__Collected material__.

[Start of Attachment]

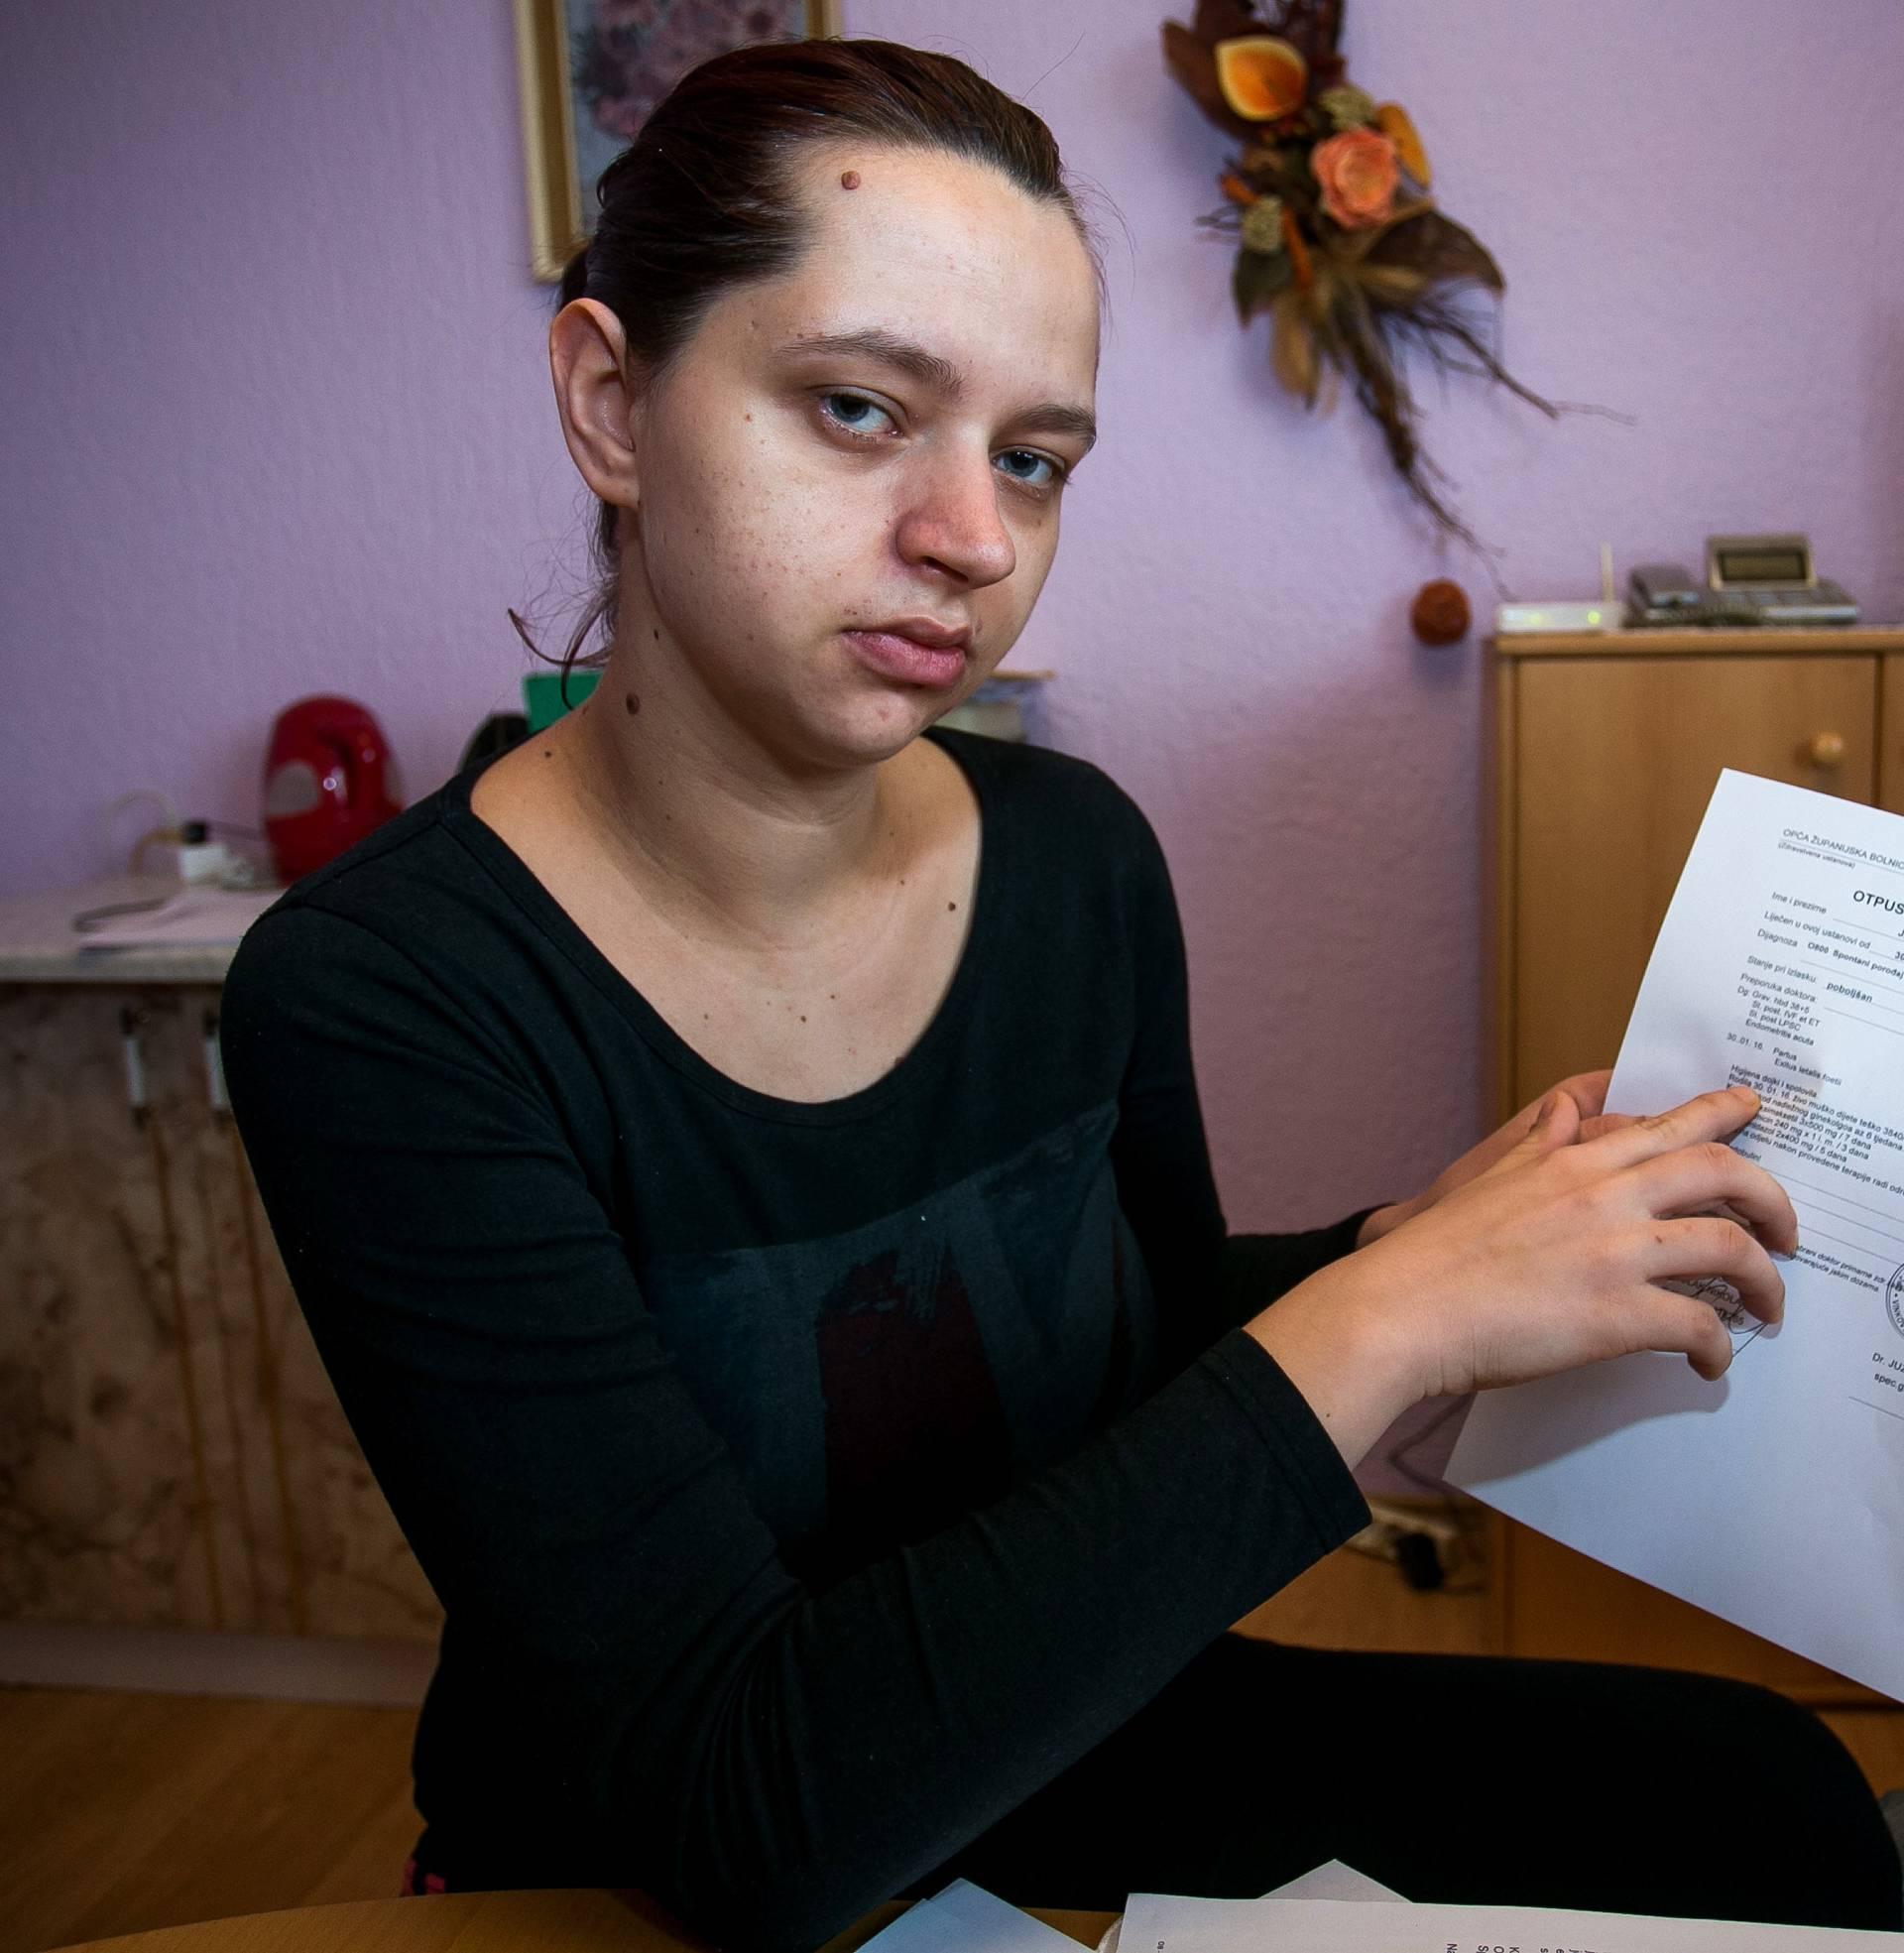 'Ubili su mi sina! Vikali su da mali ne diše, nastala je panika'
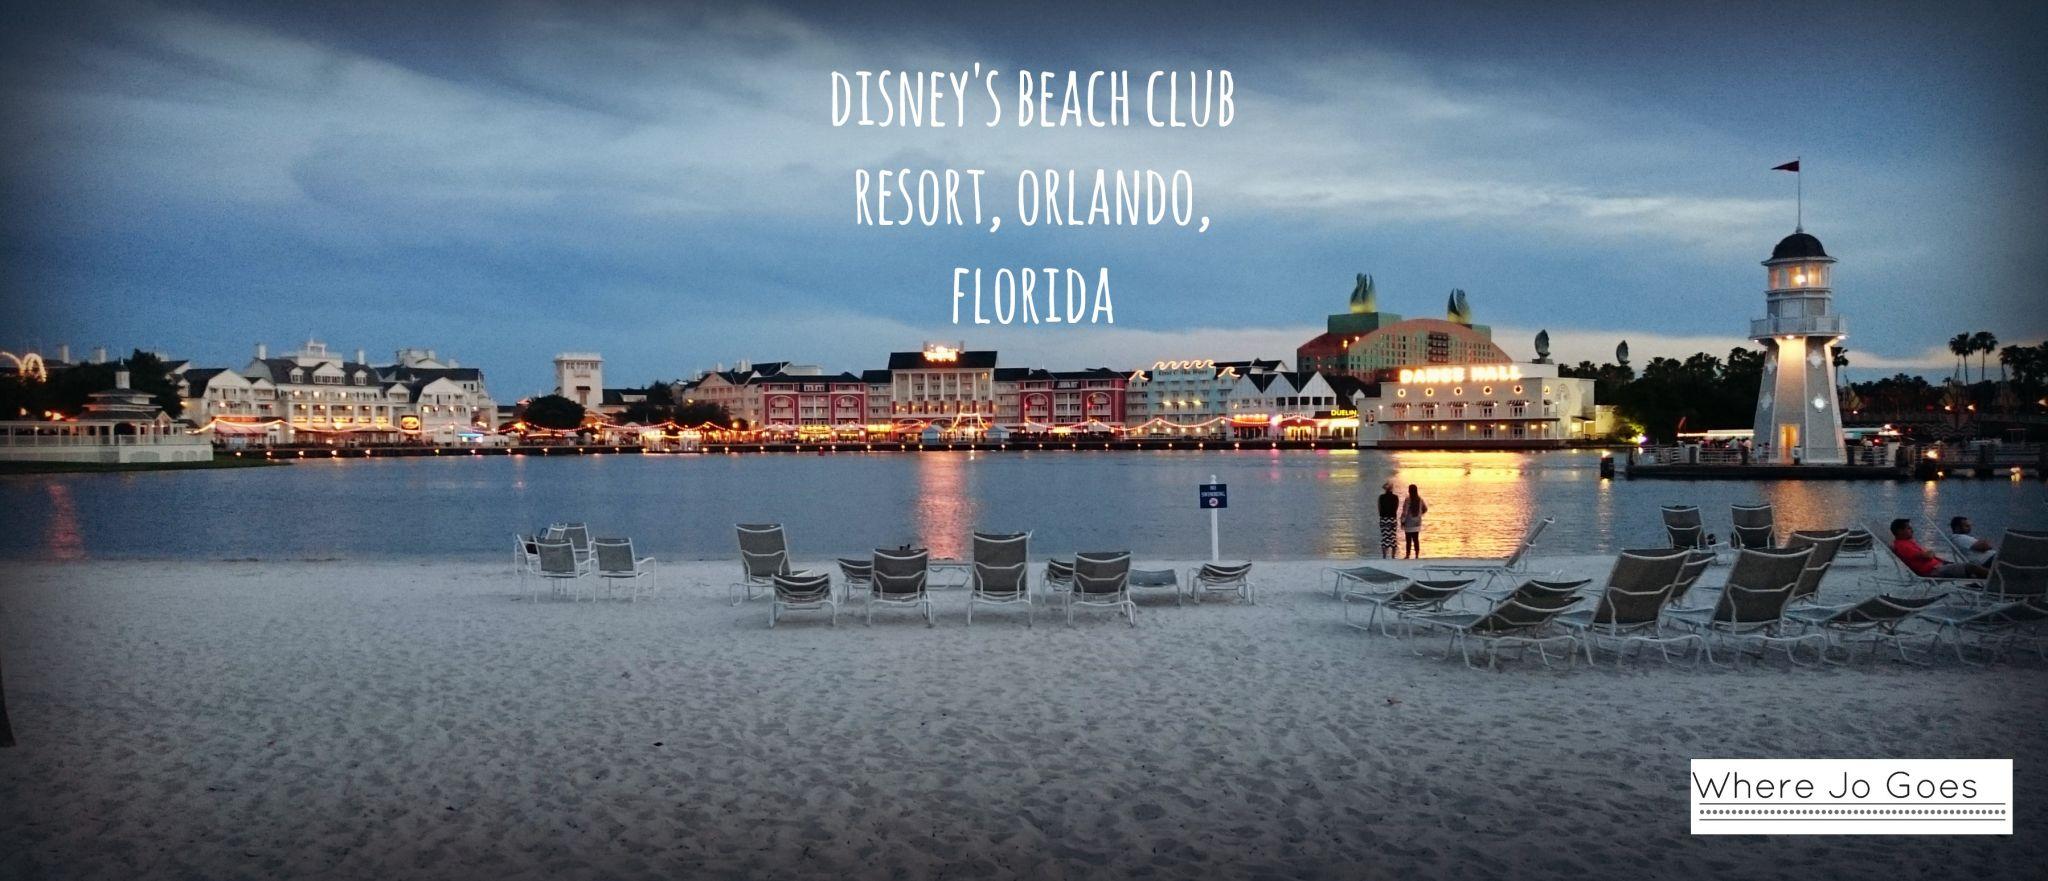 Disney S Beach Club Resort Review Disneyworld Orlando Florida
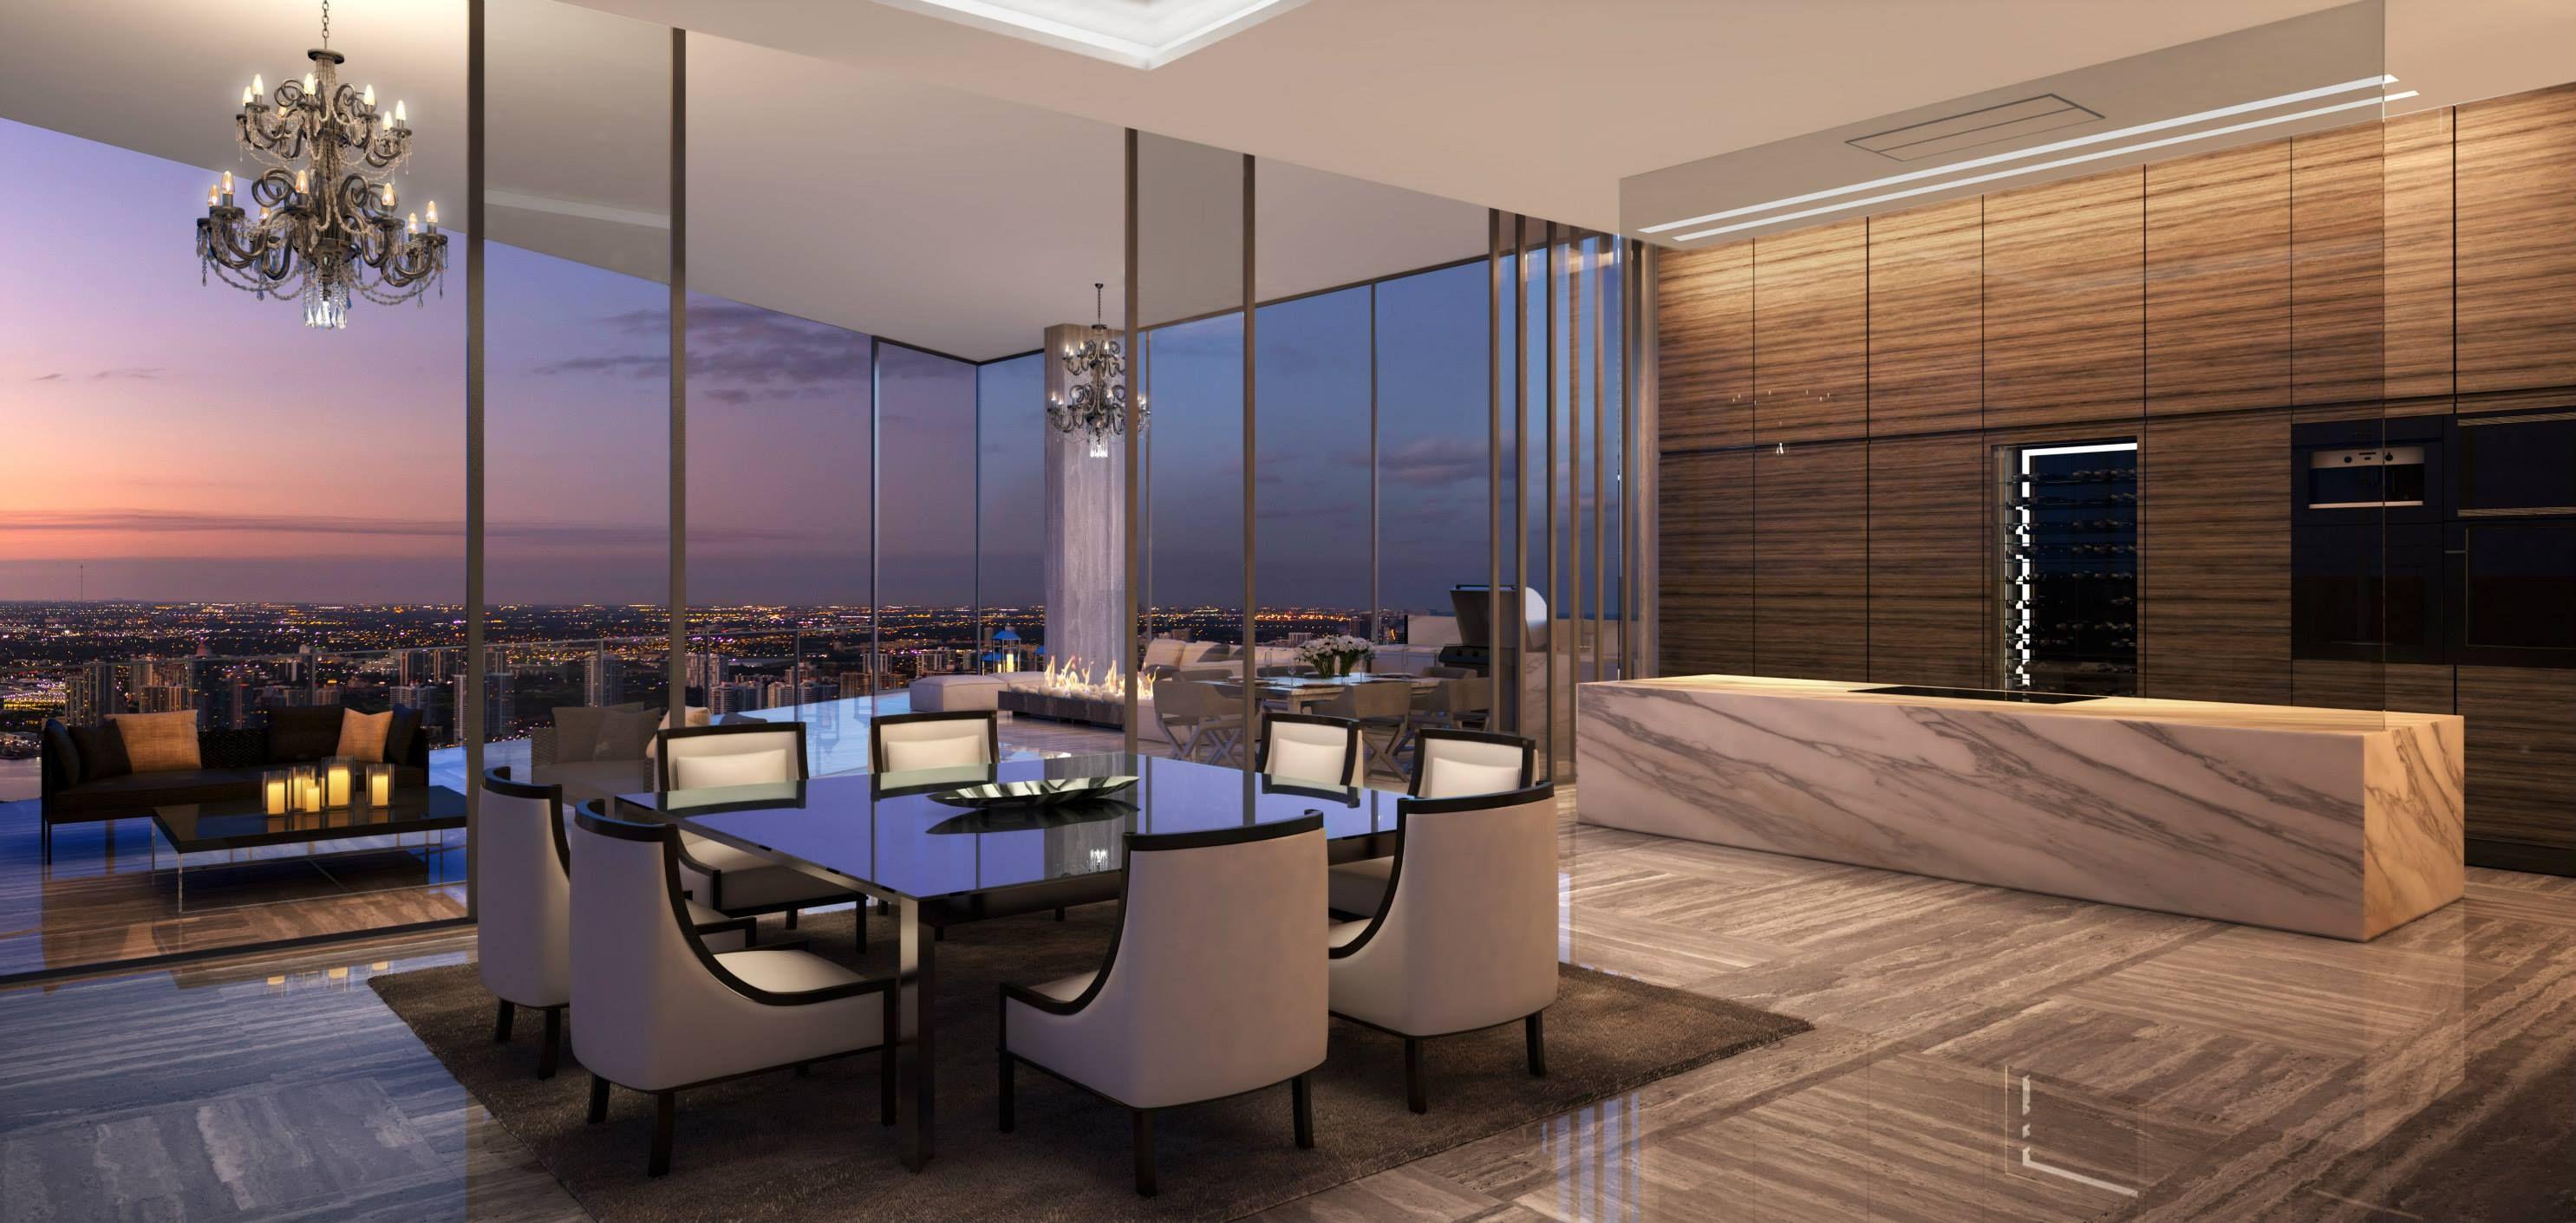 Mercer island luxury waterfront estate idesignarch interior design - House

[End of Attachment]

Transcribe the material exactly, keeping every word and none of the pictures.

 'Ubili su mi sina! Vikali su da mali ne diše, nastala je panika'
 Disney S Beach Club Resort Review Disneyworld Orlando Florida
 Mercer island luxury waterfront estate idesignarch interior design - House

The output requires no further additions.